**GIVEN MATERIAL:**
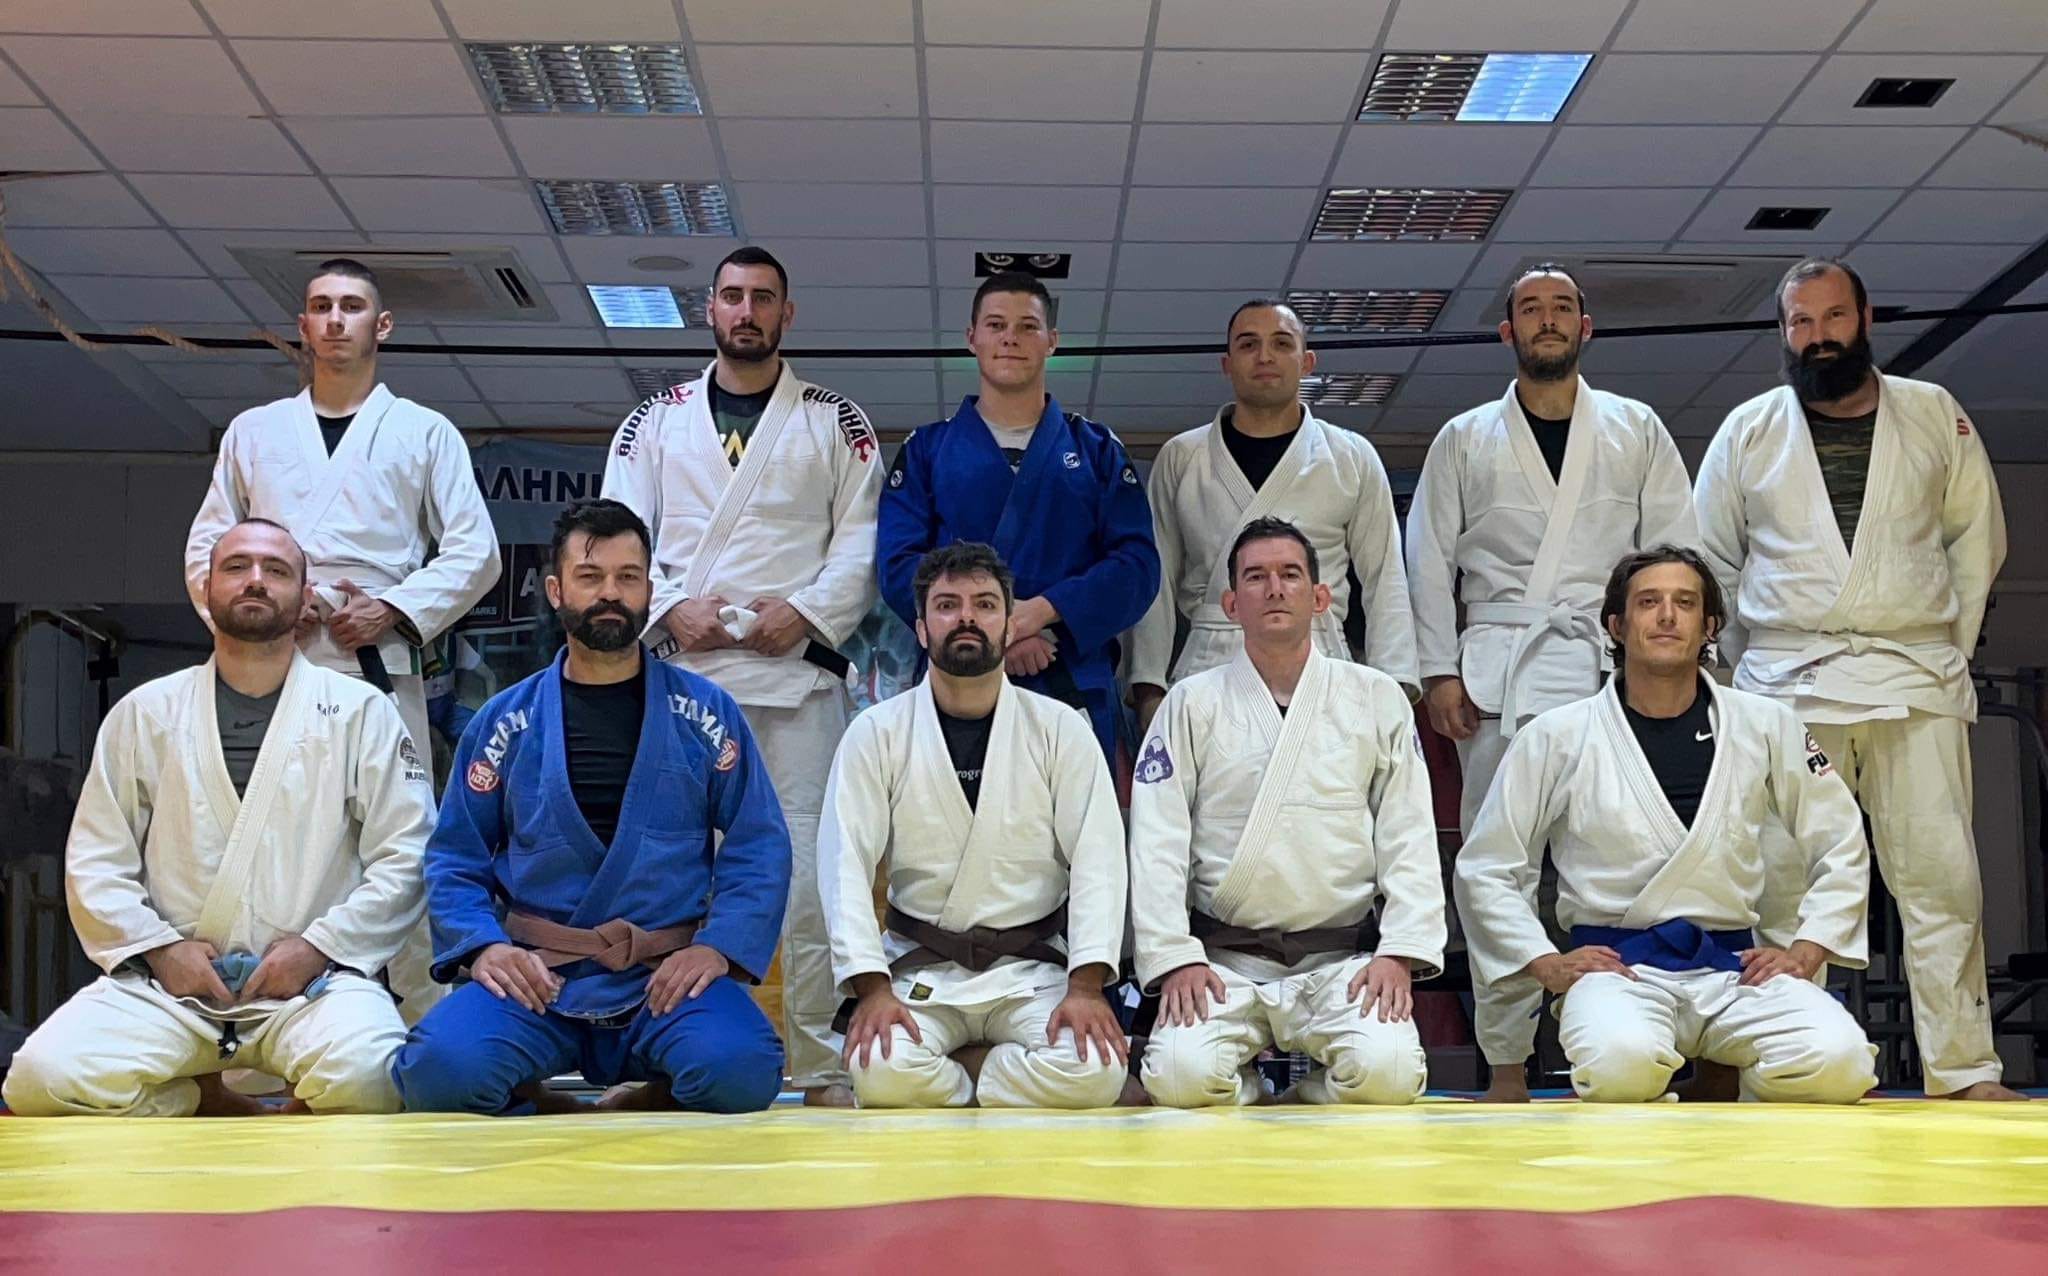 Πάλη: Με μεγάλη συμμετοχή το τμήμα Brazilian jiu-jitsu
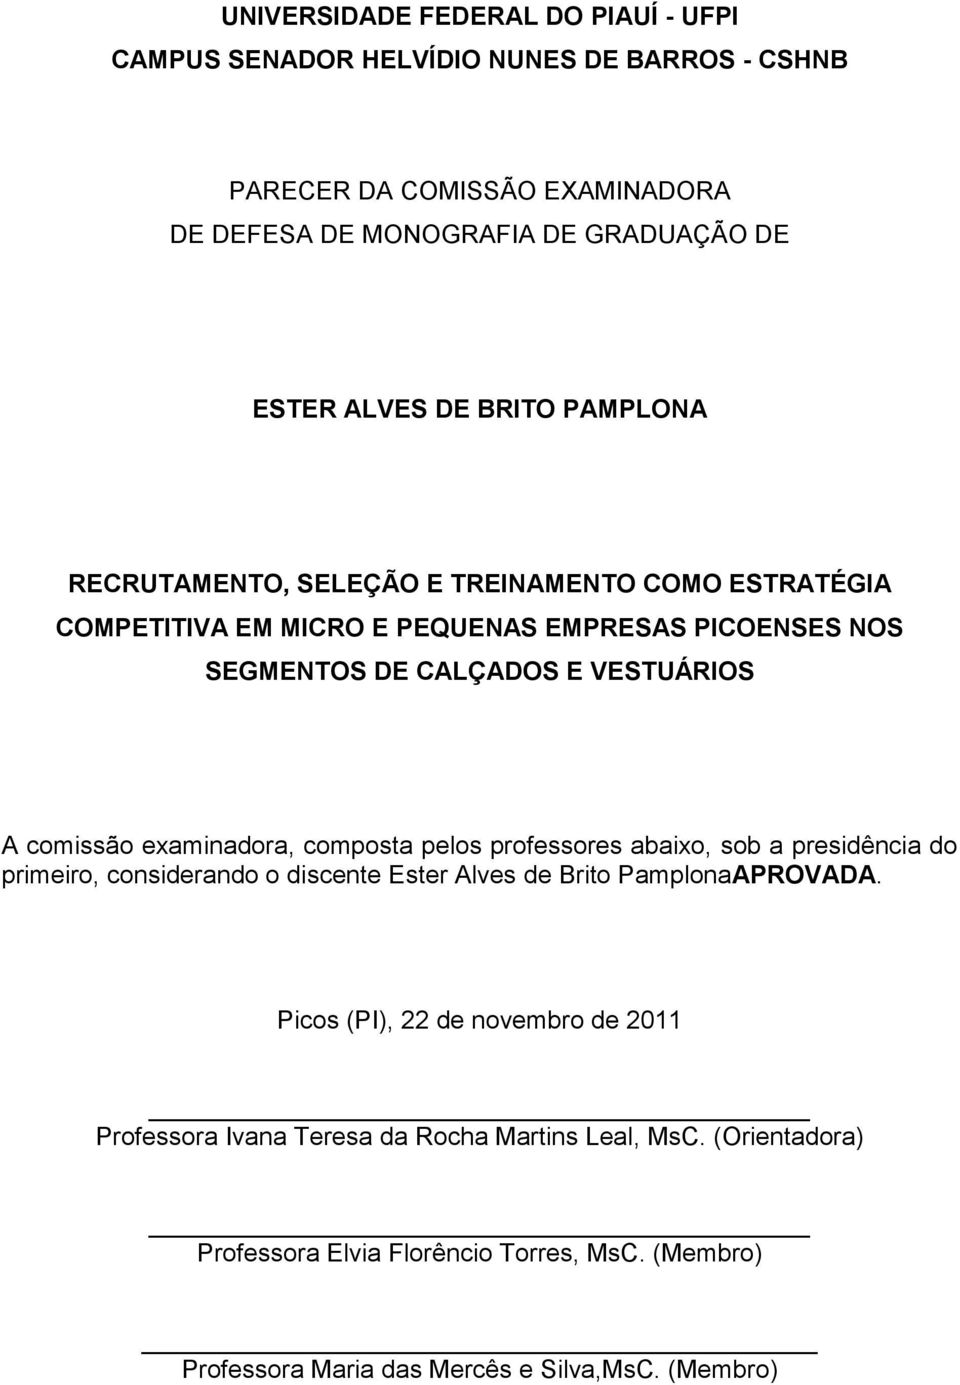 examinadora, composta pelos professores abaixo, sob a presidência do primeiro, considerando o discente Ester Alves de Brito PamplonaAPROVADA.
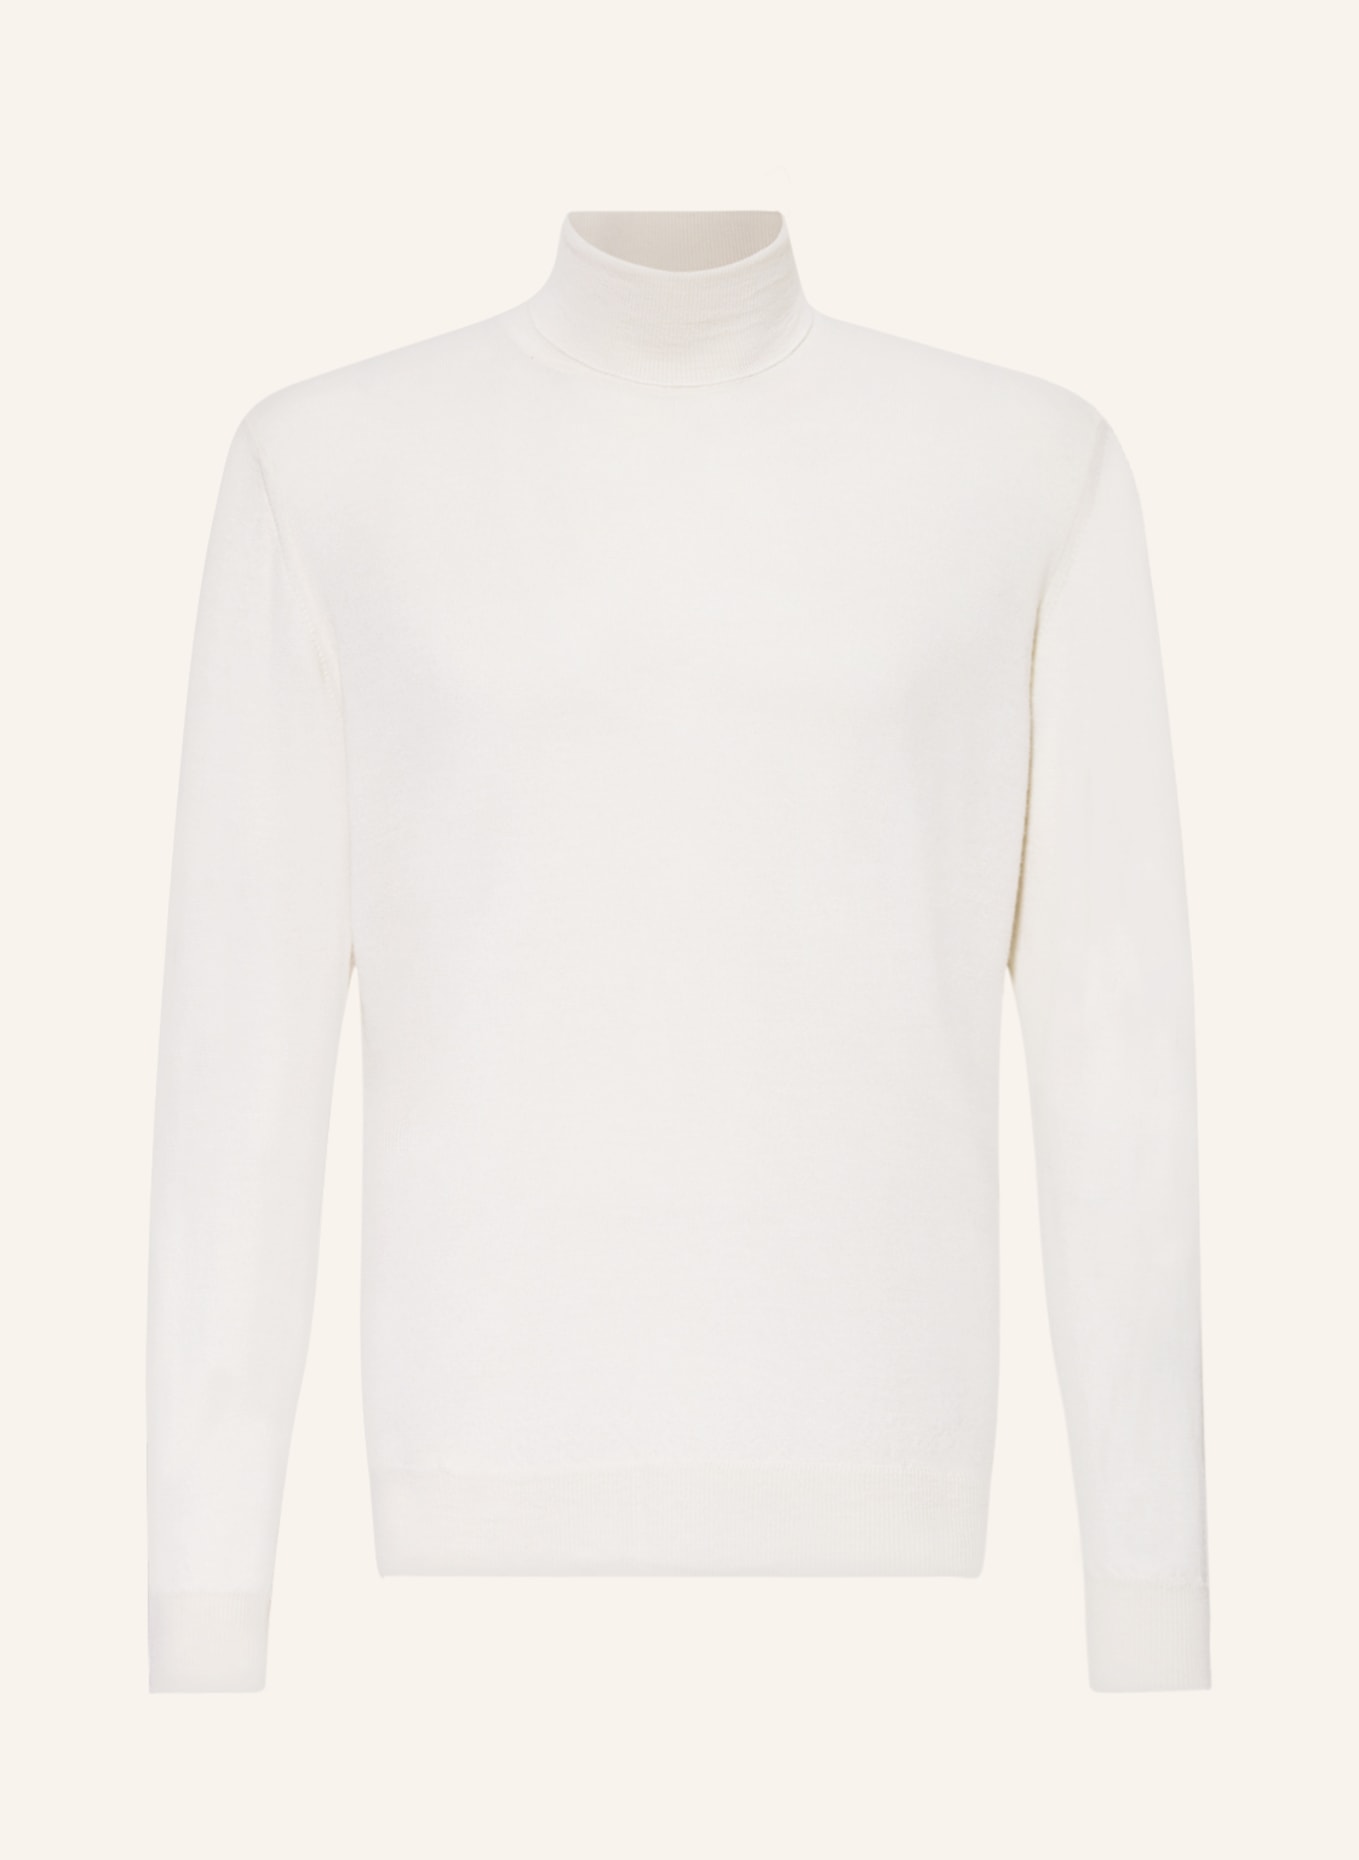 BALDESSARINI Turtleneck sweater, Color: ECRU (Image 1)
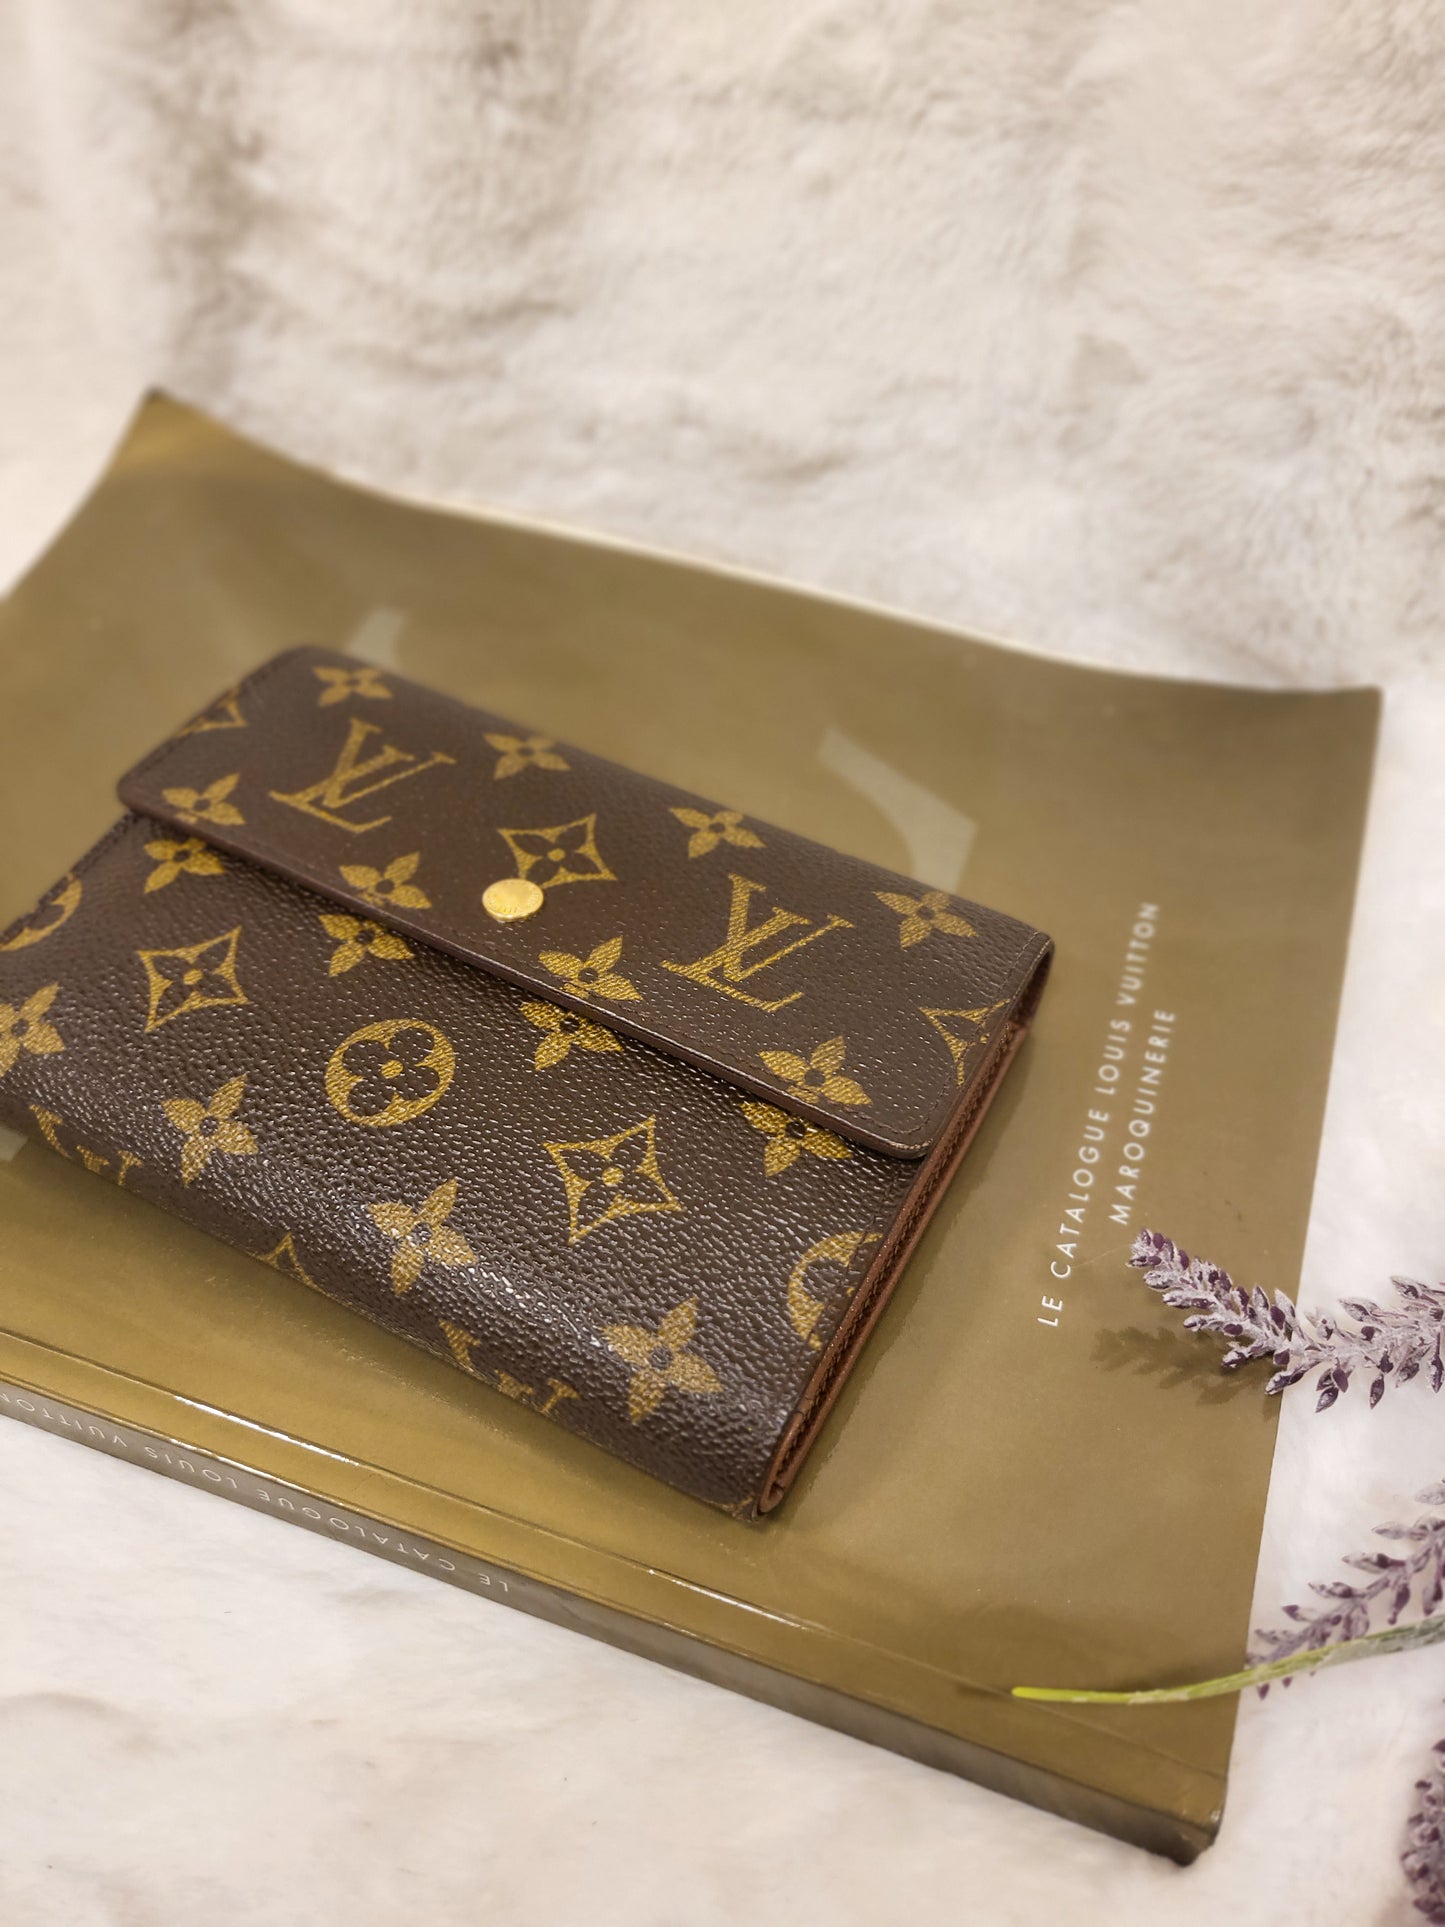 Authentic pre-owned porte tresor Papier Louis Vuitton trifold wallet

**EXERCISE:** Give all of the material again, exactly, apart from the pictures.

**EXERCISE RESULT:**
 Πάλη: Με μεγάλη συμμετοχή το τμήμα Brazilian jiu-jitsu
 examinadora, composta pelos professores abaixo, sob a presidência do primeiro, considerando o discente Ester Alves de Brito PamplonaAPROVADA.
 BALDESSARINI Turtleneck sweater, Color: ECRU (Image 1)
 Authentic pre-owned porte tresor Papier Louis Vuitton trifold wallet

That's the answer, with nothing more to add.